Limited Access is a SharePoint permission level. You can’t explicitly grant it, but rather it is automatically granted to users at the site level when the user is assigned permissions to a child object where permission inheritance is broken. This allows a user, for example, to navigate via the site if they have only been granted permission to an object within the site such as a library or folder.

You will see a lot of ‘Limited Access’ users in an environment where end-user’s are sharing files to other user’s as behind-the-scenes this is how SharePoint grants the appropriate permission.


“Can I copy one user’s permission to another?”

In a word? No. This is often the way a request is worded when an end-user is requesting permission… “Give Bob the same access Susan has.”

It’s just not possible using SharePoint out-of-the-box. You have to use a 3rd party tool to allow this type of functionality.

A beneficial approach is to use Active Directory security groups for access. In our example above, if Susan and Bob are in the same Active Directory security groups and you’ve used Active Directory security groups to assign permission in SharePoint, you’re likely half-way there to having Bob set up the same as Susan. Of course, if Susan has been granted unique permissions elsewhere across your farm/tenant, there is no easy out-of-the-box way of knowing where that is and assigning the same to Bob.


“I want everyone to have access but these 5 people. Can I do that?”

In 2 words? It depends. 😉 Similar to the previous question, this is often how a request is worded when an end-user wants to prevent certain people from seeing things in SharePoint. It’s usually not that simple – you will need to ask more questions before proceeding.

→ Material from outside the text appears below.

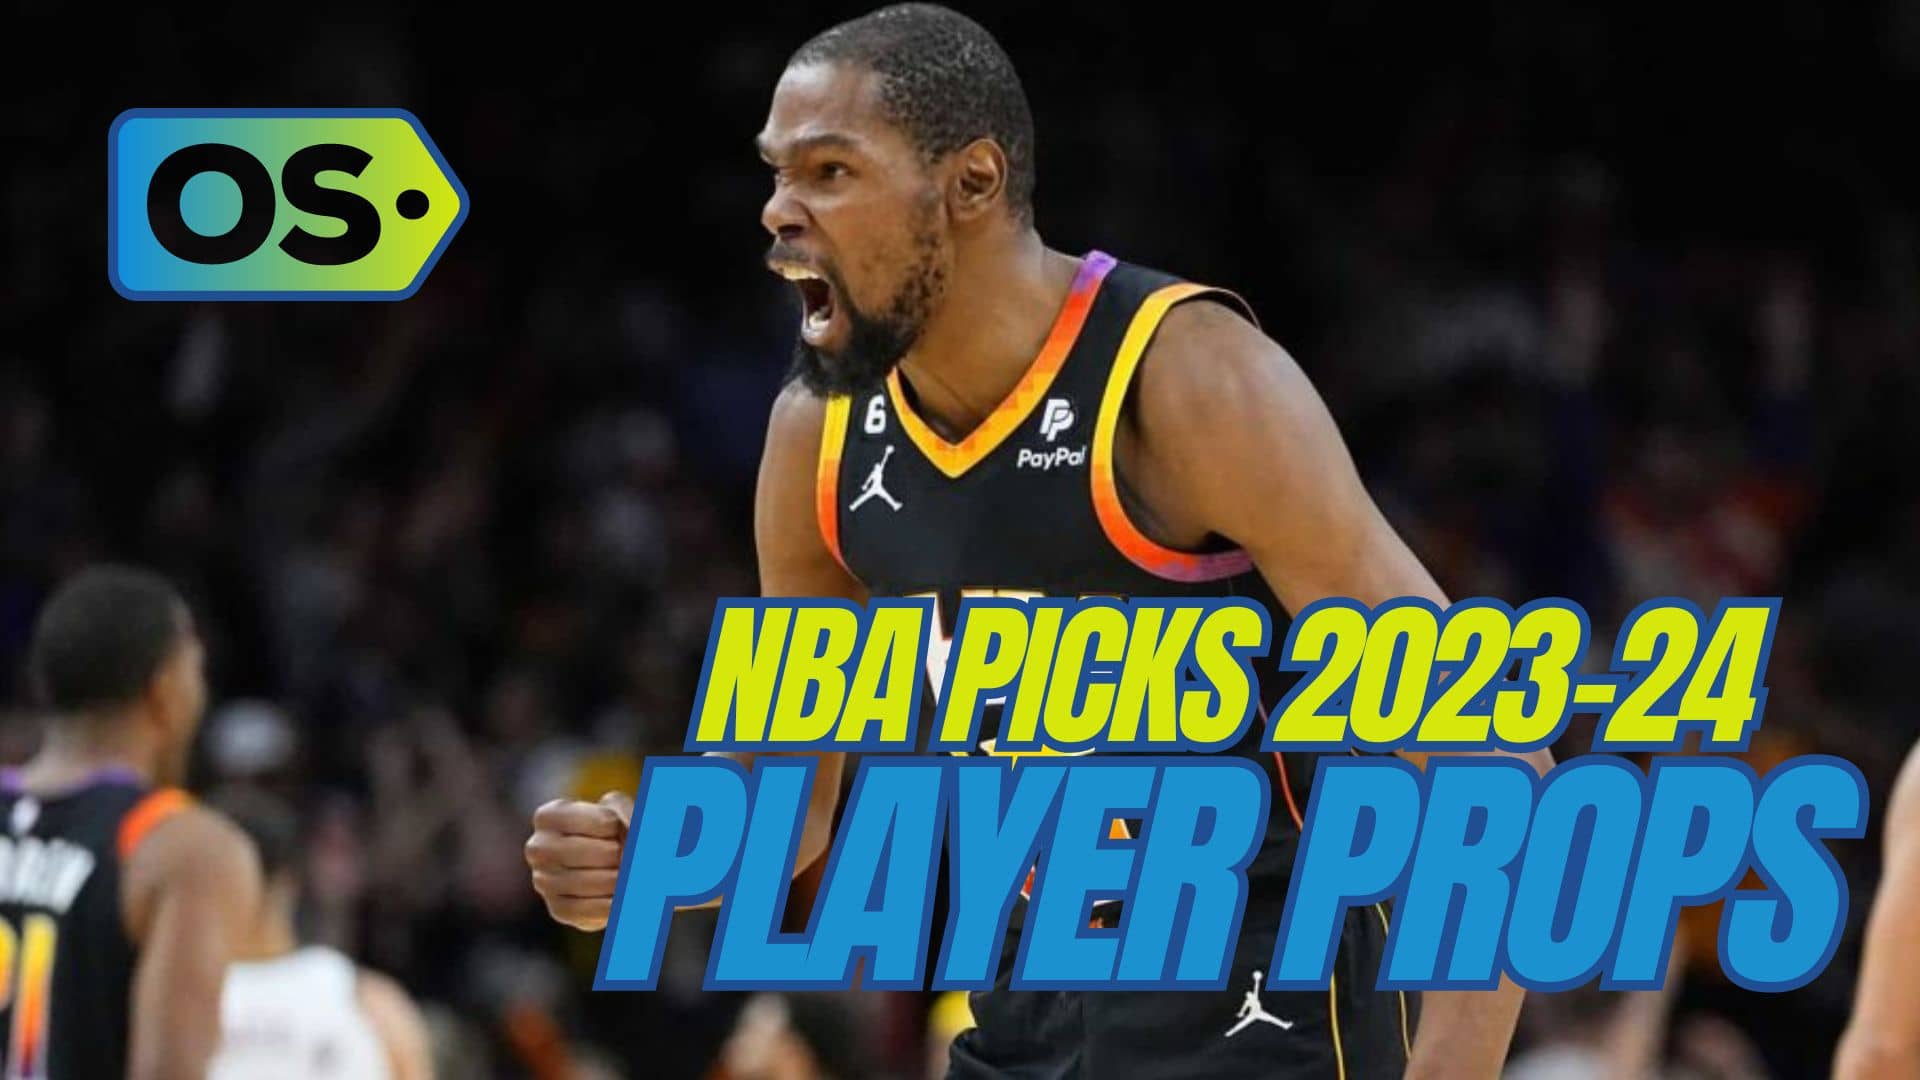 The best NBA player prop bets and picks today for Tuesday, December 19, include wagers on Kevin Durant and Klay Thompson.

In our example, are the 5 people listed as individual users for the object and not in a SharePoint group? If so, you can break inheritance by stopping permission inheritance and removing the 5 users. Are the 5 people part of a SharePoint group? If so, you can’t remove them out of the group without affecting everywhere else that SharePoint group is used (refer back to the previous question, “Can I edit a SharePoint Group’s membership for just one subsite?” where I discuss this). Are the 5 people part of a larger Active Directory group that’s been added into the SharePoint group? If so, then you will no longer be able to use that AD security group to assign permission. You will either have to find an AD group where the 5 people are not included or update the AD security group to remove them. (which will have other implications if that security group is being used elsewhere in your environment)

Generally speaking SharePoint permissions are done using a ‘grant’ model rather than a ‘revoke’ model. You cannot explicitly specify users you don’t want to have access.

Exception to this is in an on-premises environment you can specify a user as ‘deny all’ or ‘deny write’ at the web application level, but this is not a granular setting you can control.


Closing thoughts…

Permission administration is a classic example of “a little knowledge is a dangerous thing” in SharePoint. If you have enabled users to administer their own, make sure you’ve armed them with the knowledge to set them up for success.

Thanks for reading.

-JCK

2 comments

  1. This is a great post, Joanne! I remember when I first started learning about SharePoint permissions (SP2007) and how boggled I was by it all. It can difficult to teach – especially when your users may not really be as enthused about it as you are!

    1. Thanks Rhia! I agree, It is one of those things in SharePoint that can get users into trouble. Permissions are still the number one support ticket that filters down to our team.